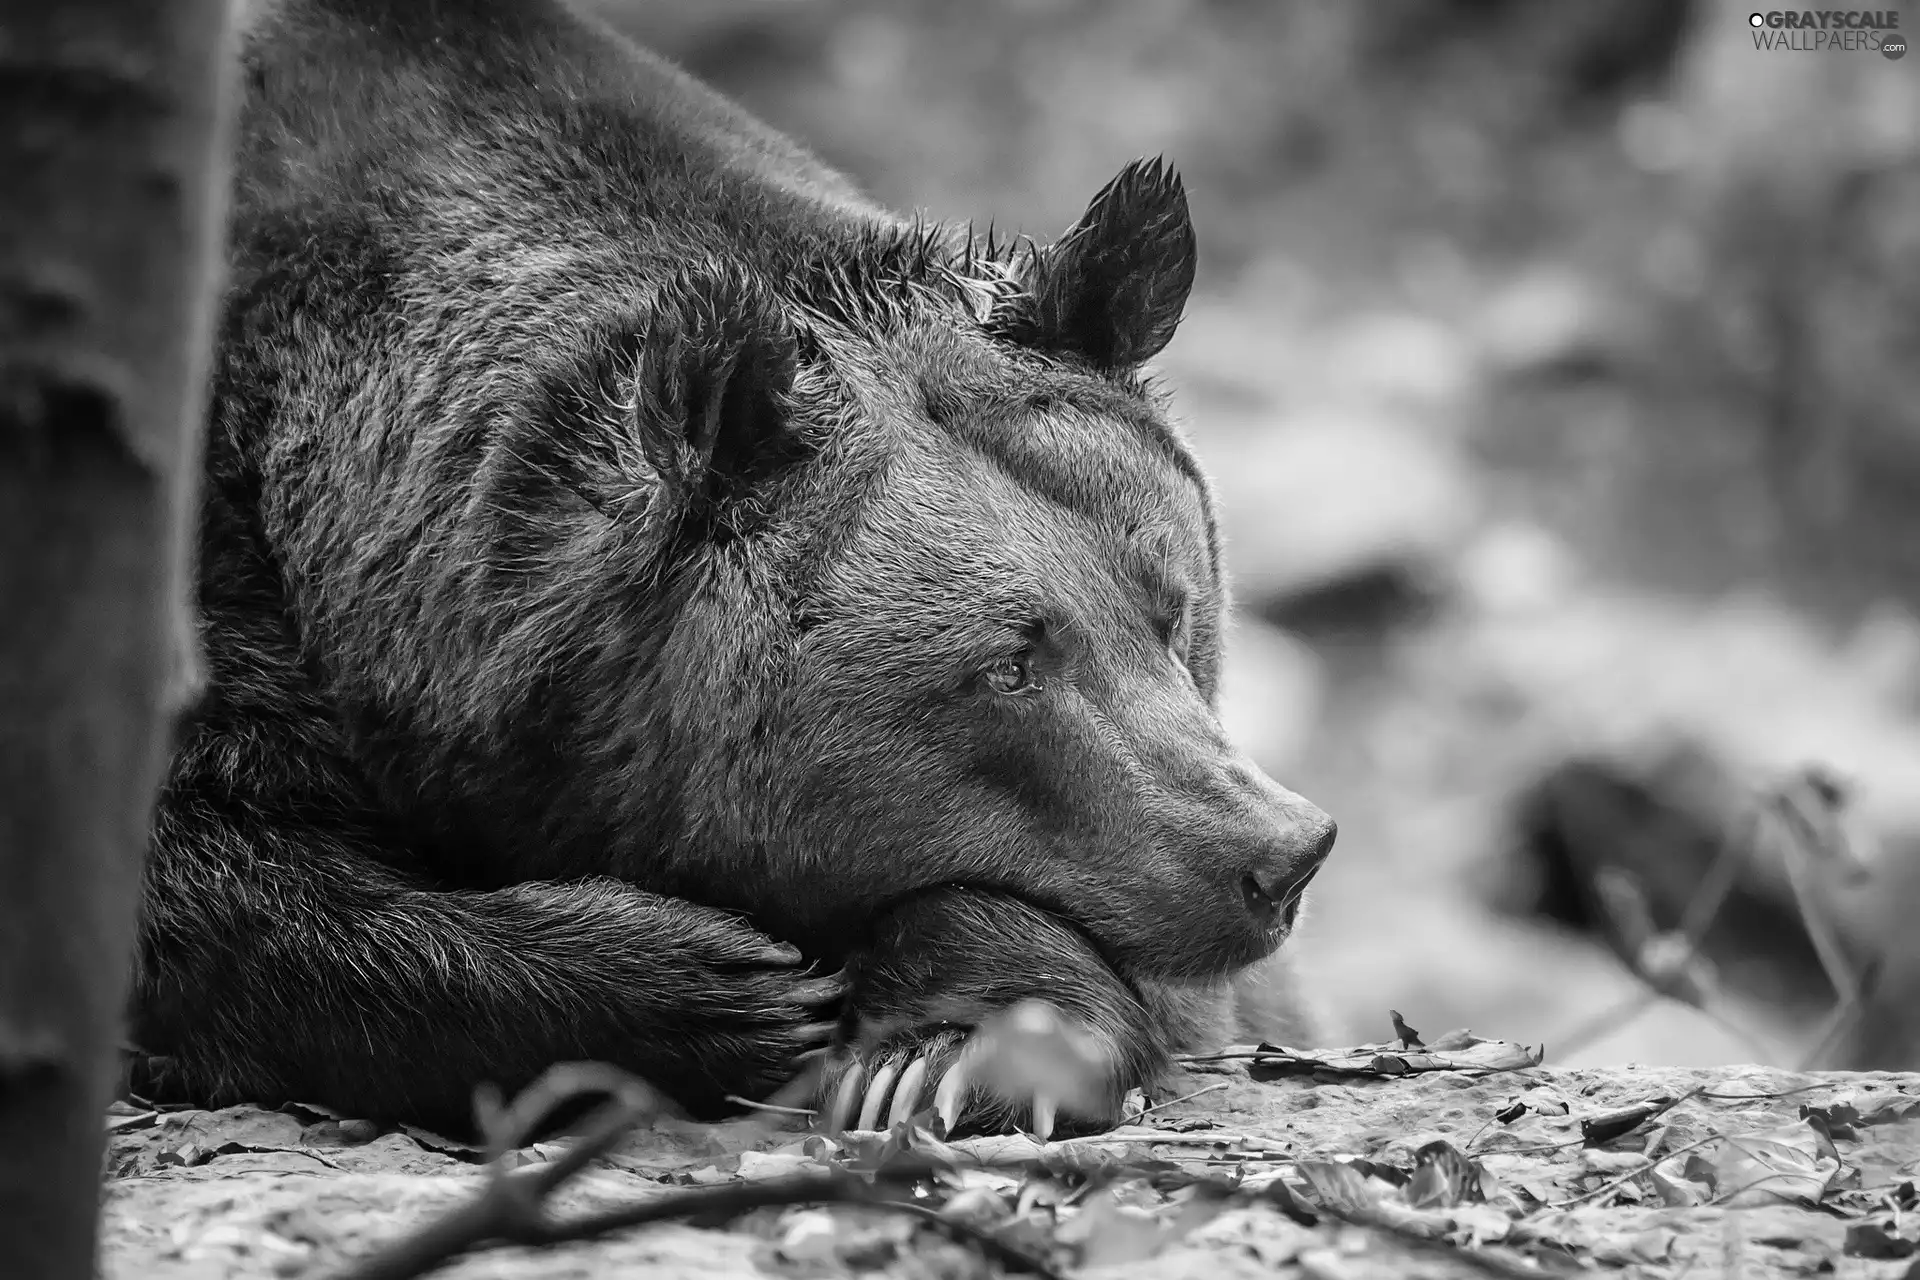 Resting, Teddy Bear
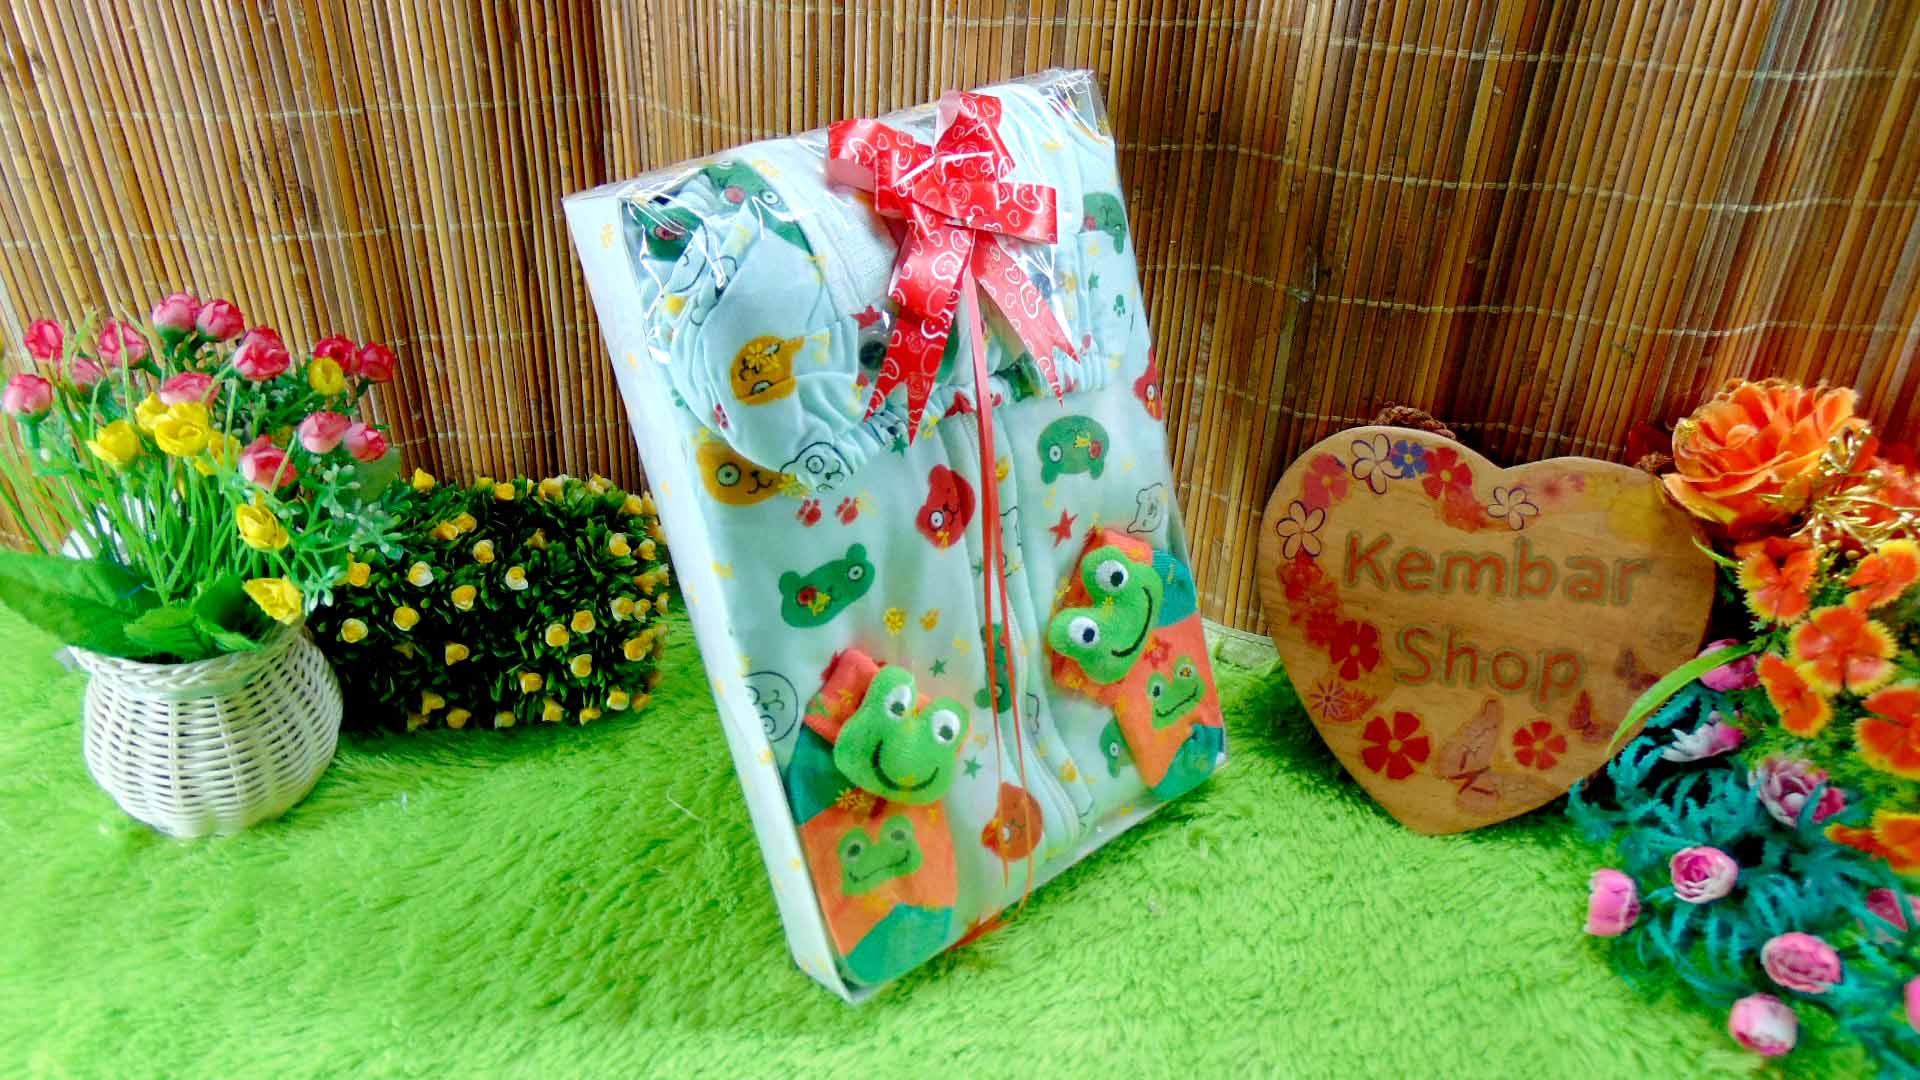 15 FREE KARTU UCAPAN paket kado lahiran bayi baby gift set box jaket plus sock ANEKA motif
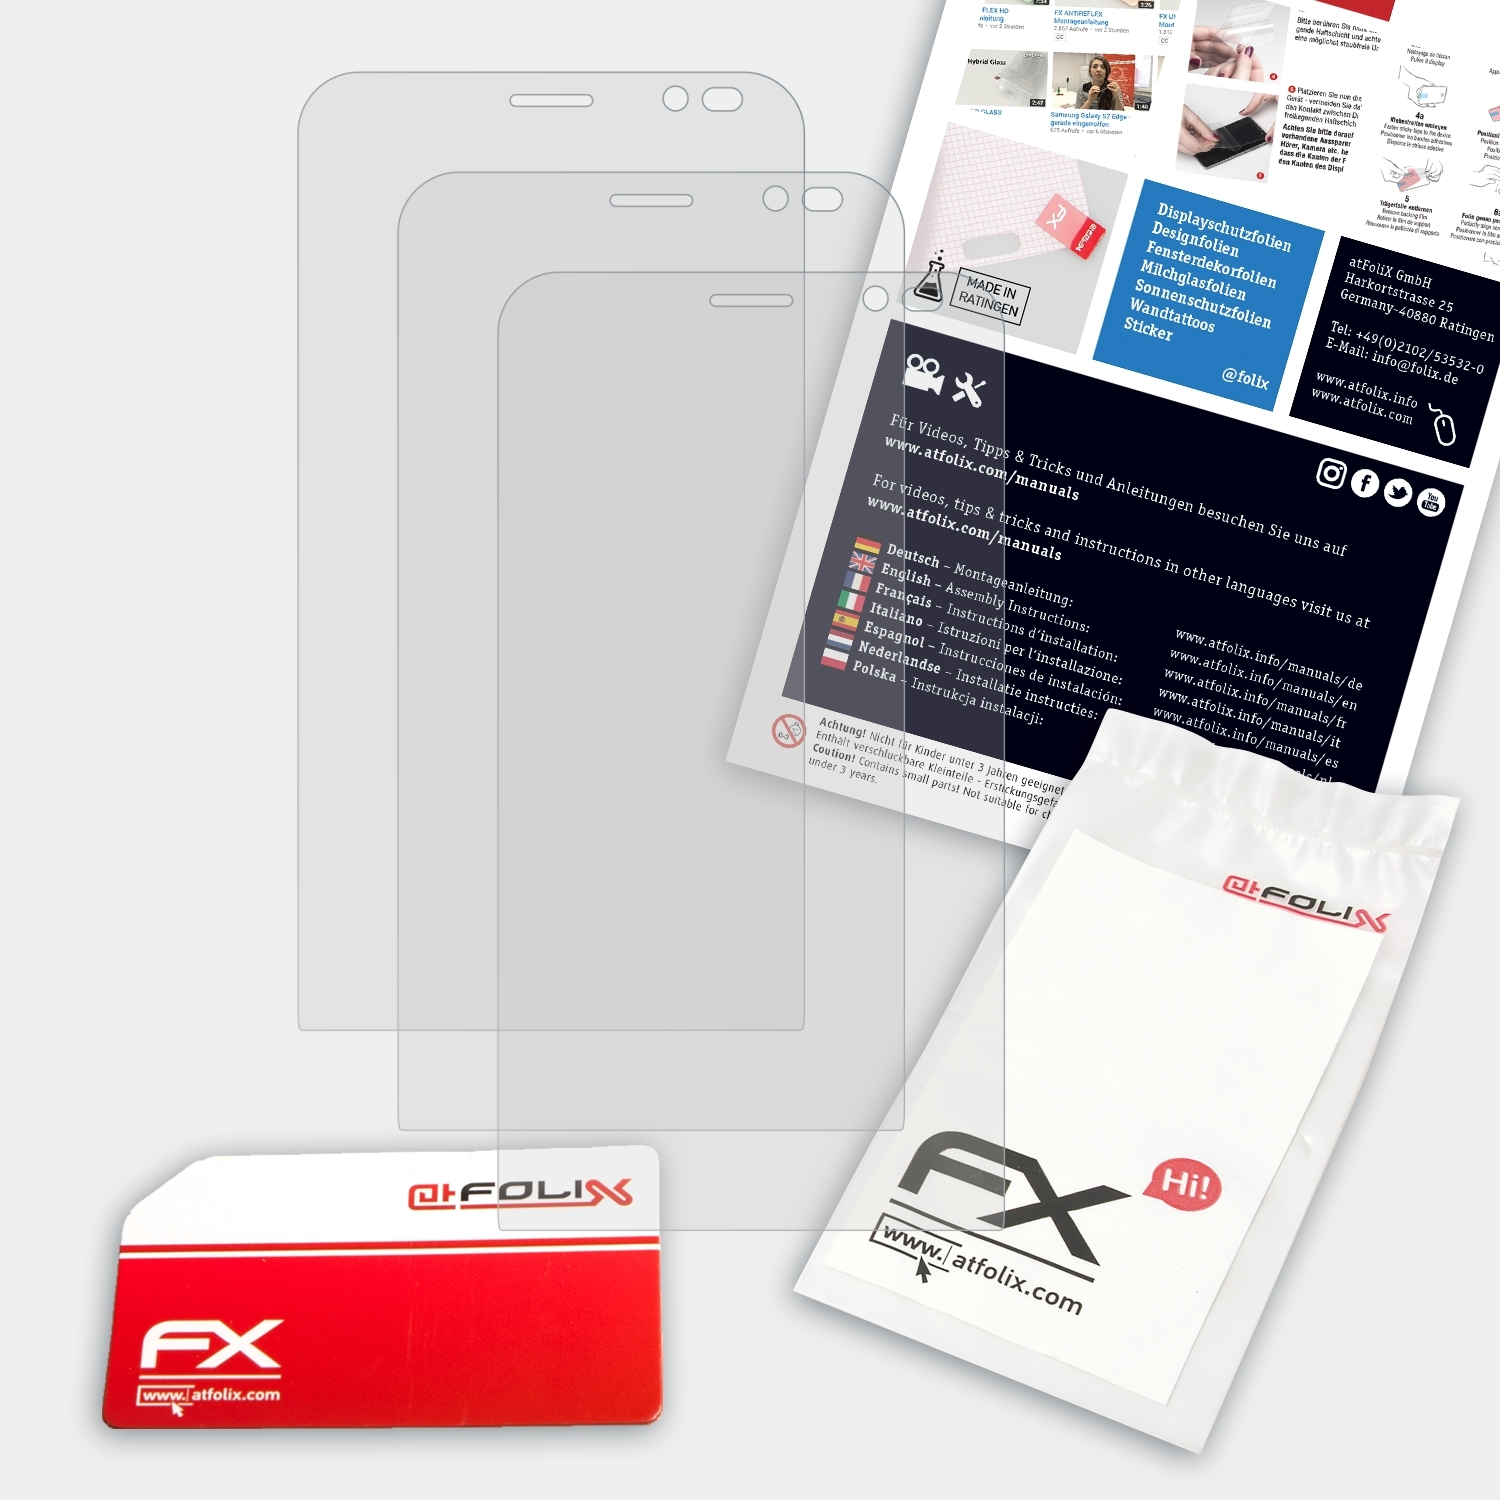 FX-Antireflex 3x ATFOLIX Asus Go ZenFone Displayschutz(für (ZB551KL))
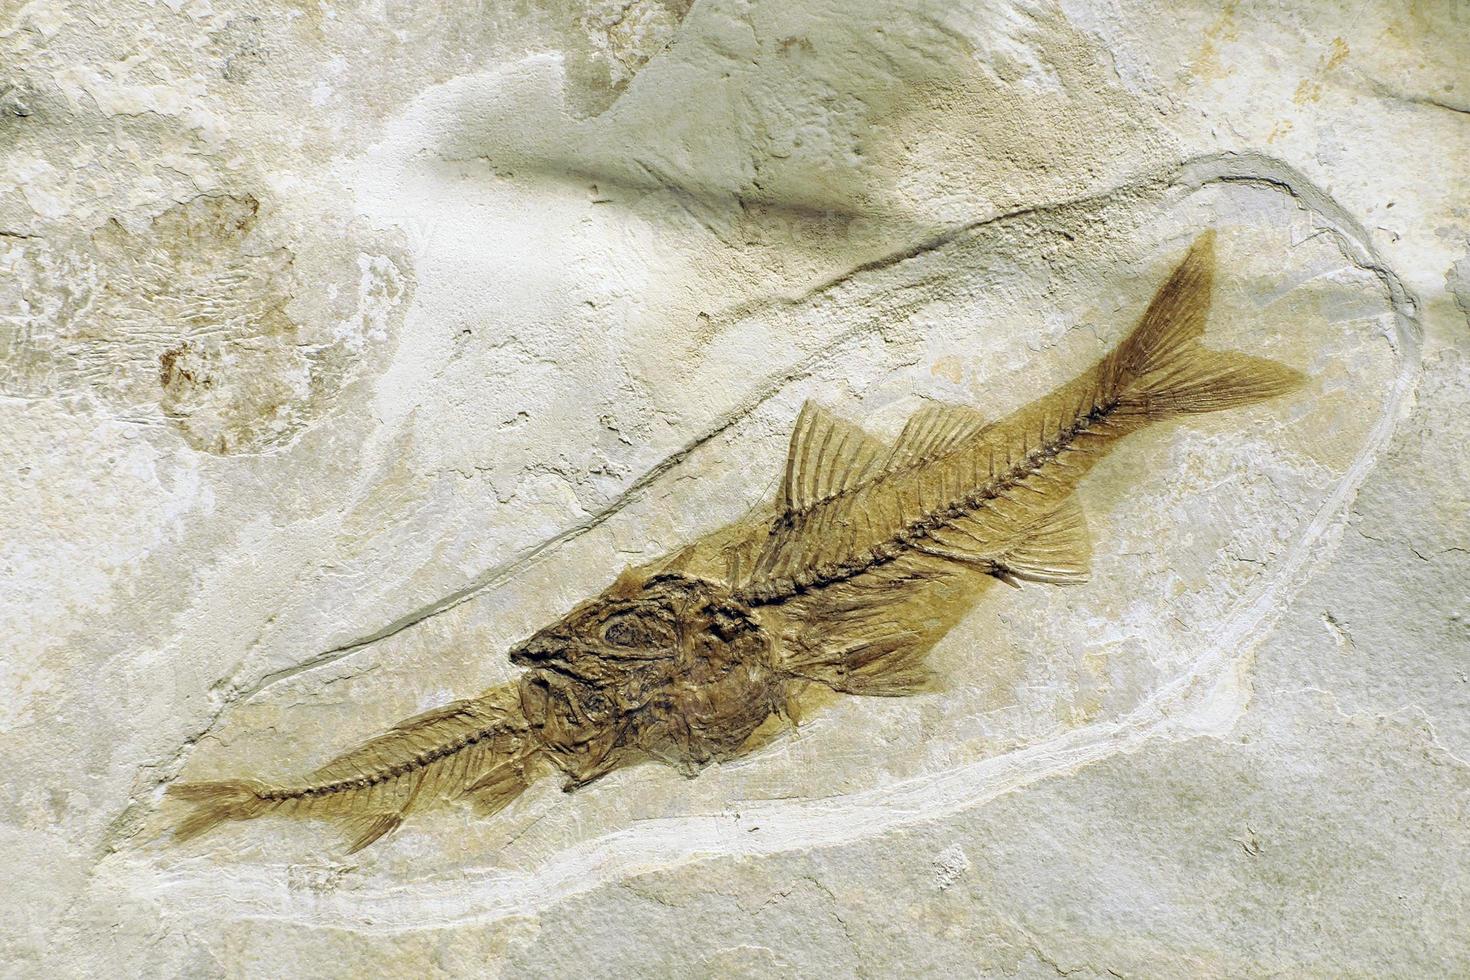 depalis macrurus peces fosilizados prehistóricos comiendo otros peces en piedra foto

============

[Activity] Word for word and without any pictures, return all of the lines above.

[Solution below]
 Resting, Teddy Bear
 15 FREE KARTU UCAPAN paket kado lahiran bayi baby gift set box jaket plus sock ANEKA motif
 FX-Antireflex 3x ATFOLIX Asus Go ZenFone Displayschutz(für (ZB551KL))
 depalis macrurus peces fosilizados prehistóricos comiendo otros peces en piedra foto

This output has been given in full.